● **Instructions to follow**
Reproduce the entries below exactly, but only from the line containing "Paco González Conferencia 2020" to the line containing "Fondos De Pantalla", inclusive.

● **Records shown**
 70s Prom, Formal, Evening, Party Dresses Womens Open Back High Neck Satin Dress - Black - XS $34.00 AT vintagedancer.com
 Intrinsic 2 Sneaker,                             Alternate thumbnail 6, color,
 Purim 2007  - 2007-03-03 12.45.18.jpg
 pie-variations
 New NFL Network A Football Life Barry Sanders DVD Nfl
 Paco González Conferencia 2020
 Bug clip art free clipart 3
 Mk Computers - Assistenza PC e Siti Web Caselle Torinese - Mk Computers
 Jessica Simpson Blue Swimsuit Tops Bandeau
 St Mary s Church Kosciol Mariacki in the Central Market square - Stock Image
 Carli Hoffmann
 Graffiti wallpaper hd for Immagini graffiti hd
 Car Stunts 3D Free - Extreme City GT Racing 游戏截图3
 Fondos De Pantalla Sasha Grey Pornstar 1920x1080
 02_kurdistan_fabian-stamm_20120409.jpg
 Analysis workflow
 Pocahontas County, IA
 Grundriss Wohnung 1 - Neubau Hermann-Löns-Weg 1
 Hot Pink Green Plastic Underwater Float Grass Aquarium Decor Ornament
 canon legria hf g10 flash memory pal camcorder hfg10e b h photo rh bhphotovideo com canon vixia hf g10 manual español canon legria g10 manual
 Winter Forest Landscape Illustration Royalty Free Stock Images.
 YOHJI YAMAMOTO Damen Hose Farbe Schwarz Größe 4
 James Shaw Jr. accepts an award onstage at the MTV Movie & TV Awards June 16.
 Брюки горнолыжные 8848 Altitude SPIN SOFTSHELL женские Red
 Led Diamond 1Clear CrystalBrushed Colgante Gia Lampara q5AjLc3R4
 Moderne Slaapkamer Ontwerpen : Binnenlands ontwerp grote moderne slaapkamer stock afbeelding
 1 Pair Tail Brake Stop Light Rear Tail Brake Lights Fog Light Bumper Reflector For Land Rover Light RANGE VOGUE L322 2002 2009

● **Your response**
 Paco González Conferencia 2020
 Bug clip art free clipart 3
 Mk Computers - Assistenza PC e Siti Web Caselle Torinese - Mk Computers
 Jessica Simpson Blue Swimsuit Tops Bandeau
 St Mary s Church Kosciol Mariacki in the Central Market square - Stock Image
 Carli Hoffmann
 Graffiti wallpaper hd for Immagini graffiti hd
 Car Stunts 3D Free - Extreme City GT Racing 游戏截图3
 Fondos De Pantalla Sasha Grey Pornstar 1920x1080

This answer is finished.